• [STORED DATA]
^^^^^^^^^^^^^^^^

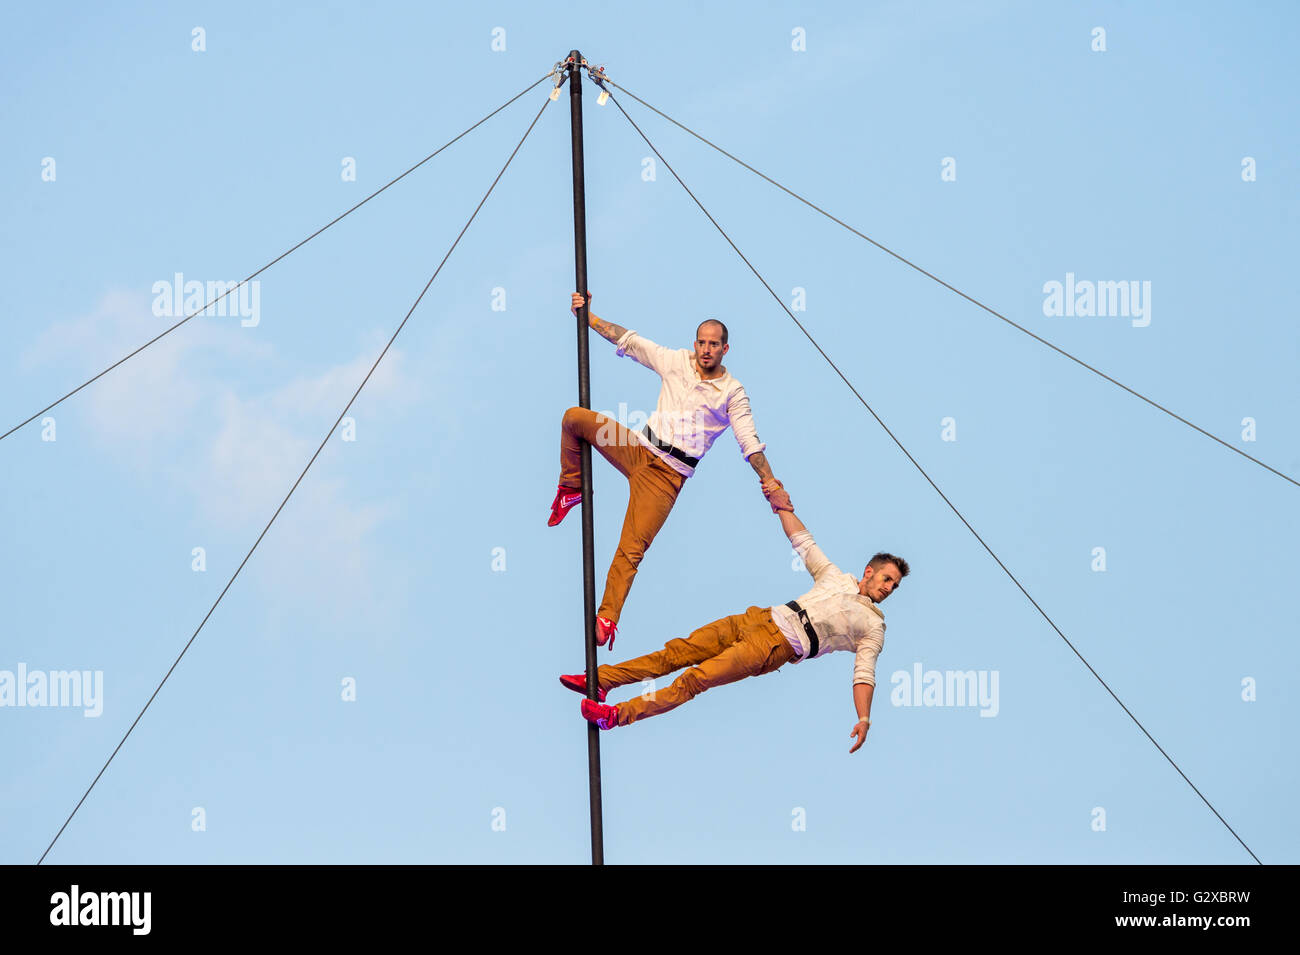 Festival Montréal complètement cirque 'Duels' Show à la place Émilie-Gamelin (2015) - Mât chinois, symbole de confiance et d'amitié Banque D'Images
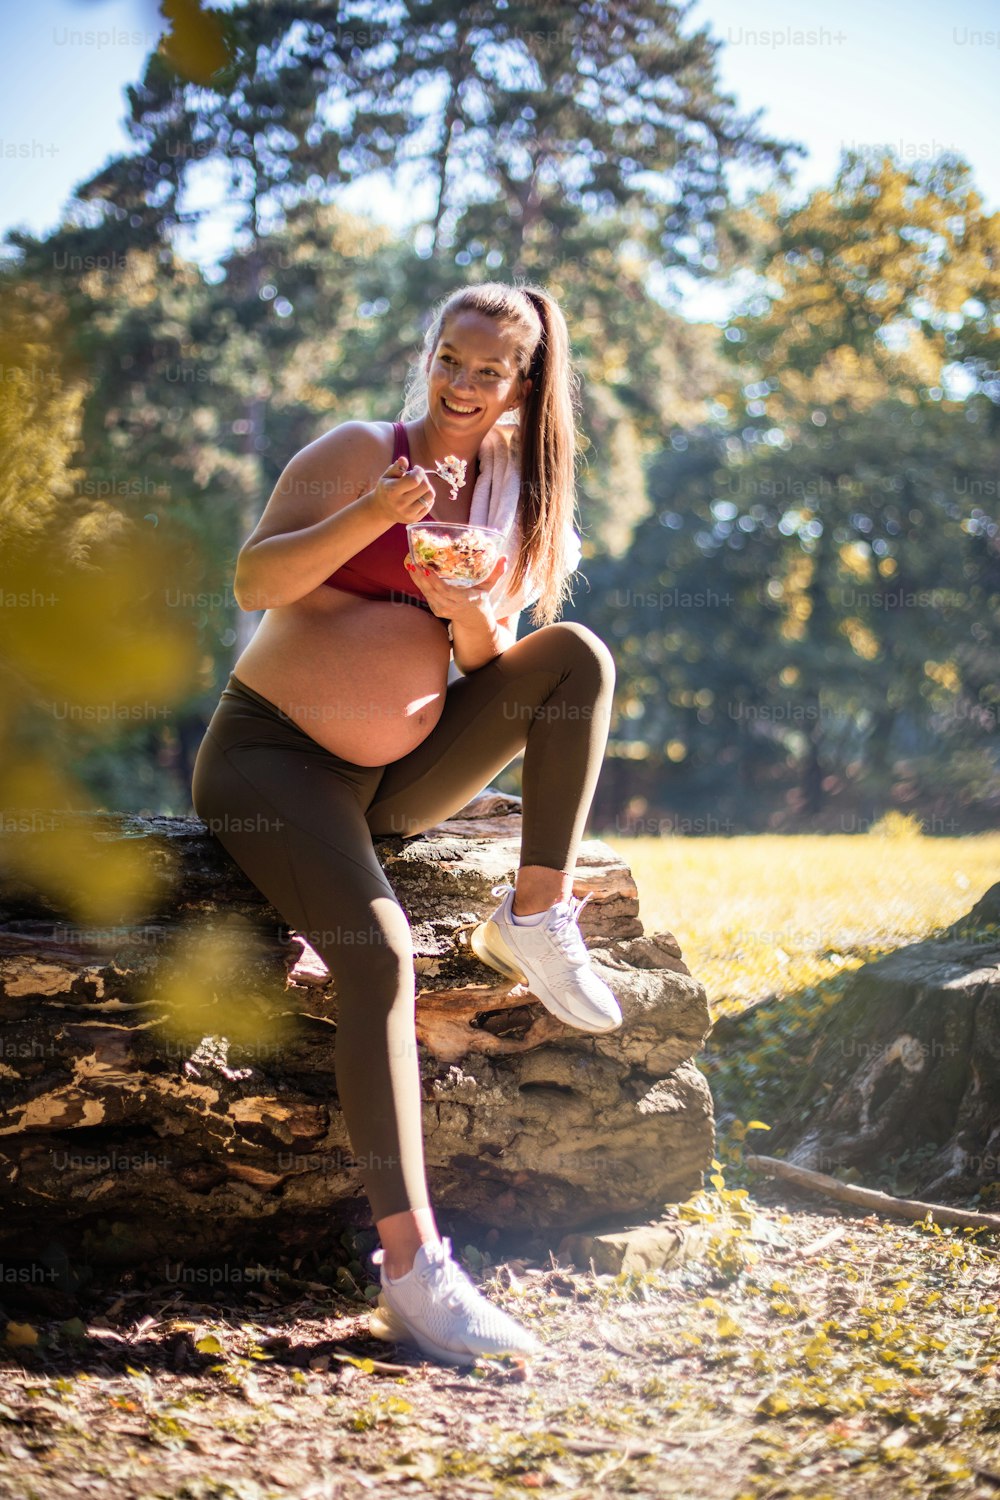 Mulher grávida comendo salada após o exercício no parque.
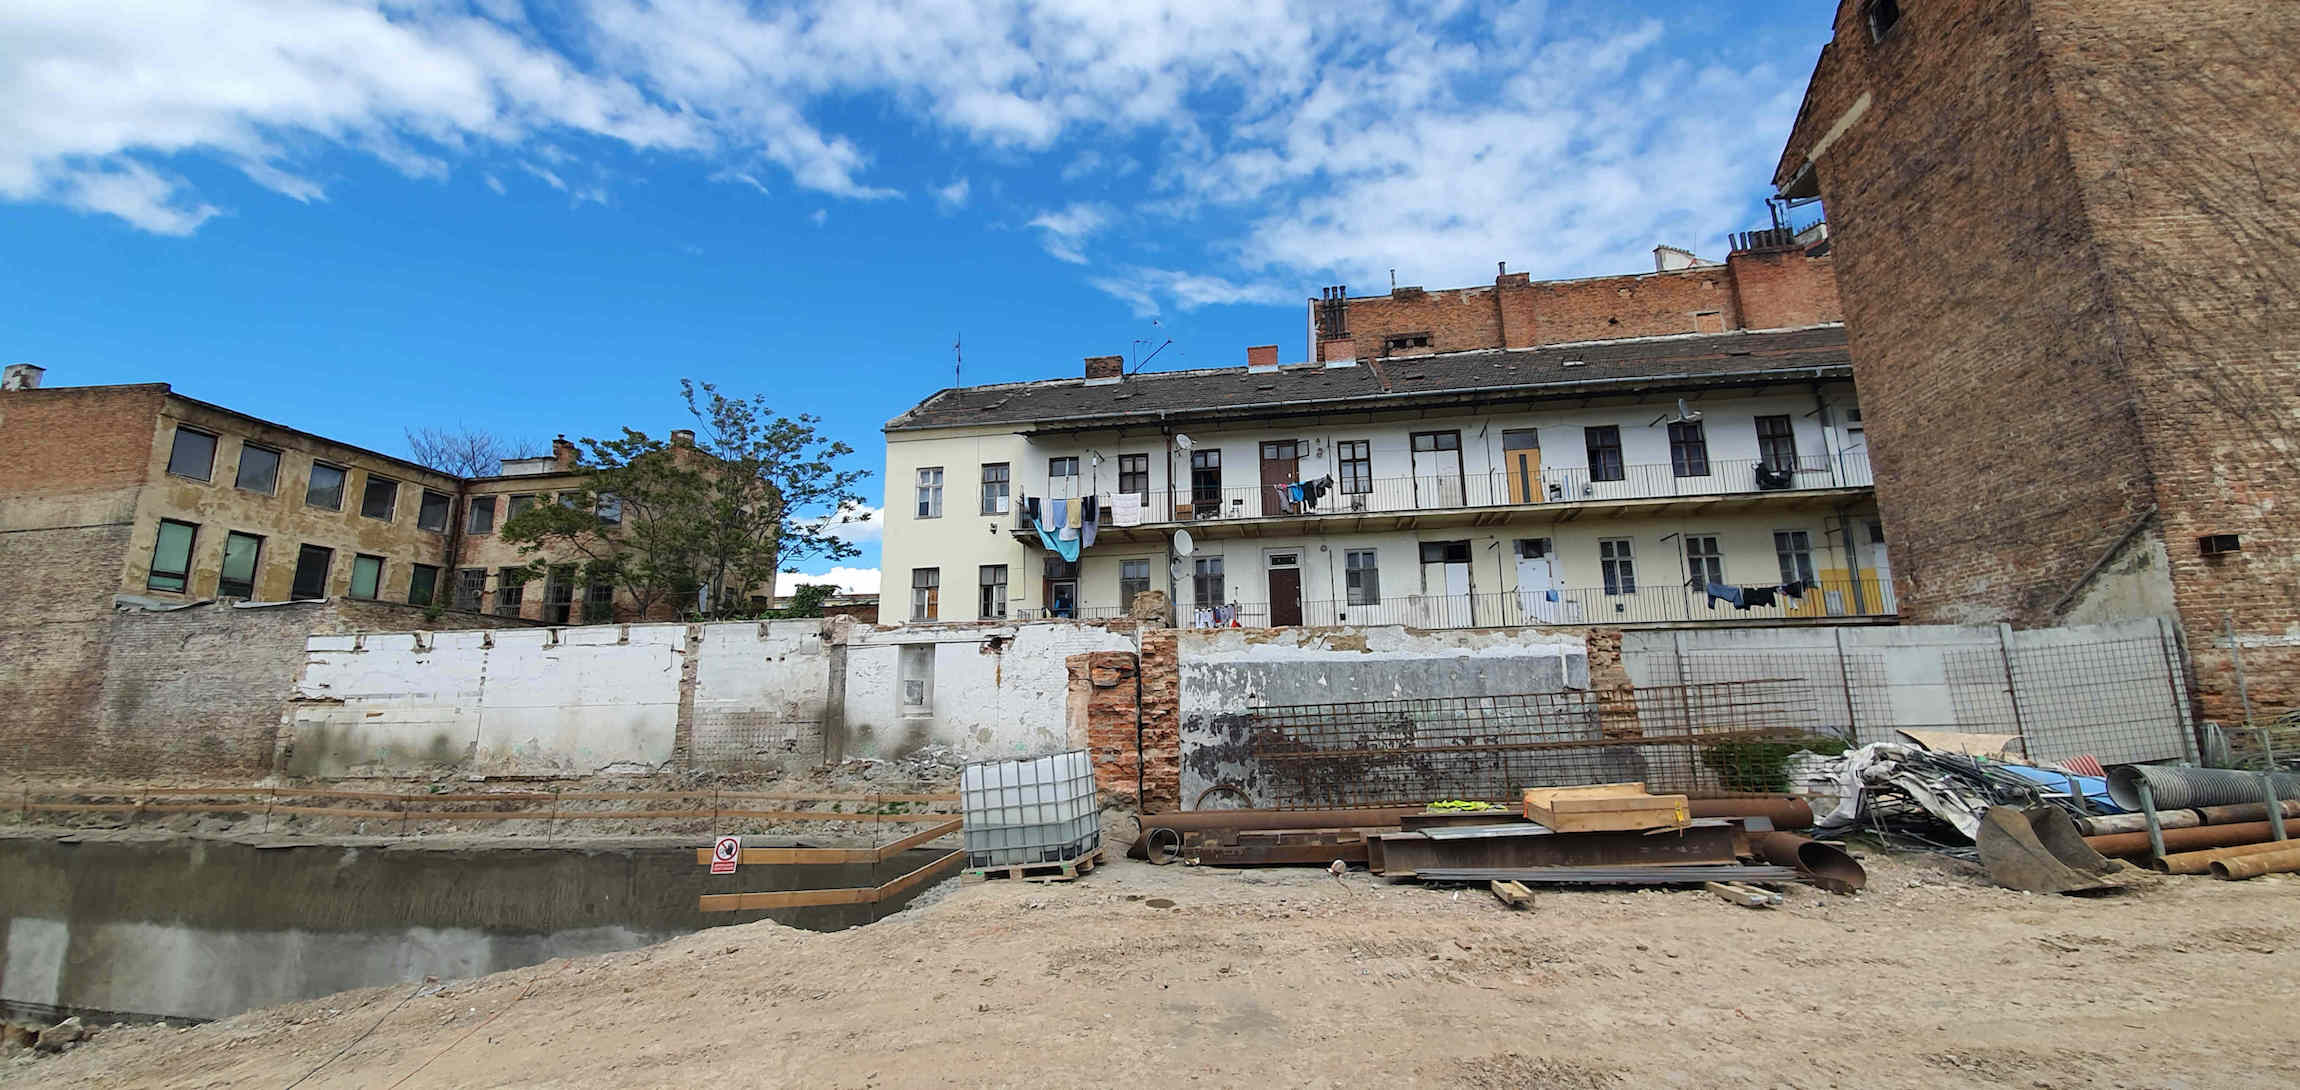 Výstavba mezi ulicemi Cejl a Francouzská v Brně, květen 2021

^^^^^^^^^^^^^^^^

• [REQUIRED ACTION]
If a line holds a picture, skip the picture and transcribe the rest of the material exactly.

• [WRITTEN RESPONSE]
 Festival Montréal complètement cirque 'Duels' Show à la place Émilie-Gamelin (2015) - Mât chinois, symbole de confiance et d'amitié Banque D'Images
 Mulher grávida comendo salada após o exercício no parque.
 Výstavba mezi ulicemi Cejl a Francouzská v Brně, květen 2021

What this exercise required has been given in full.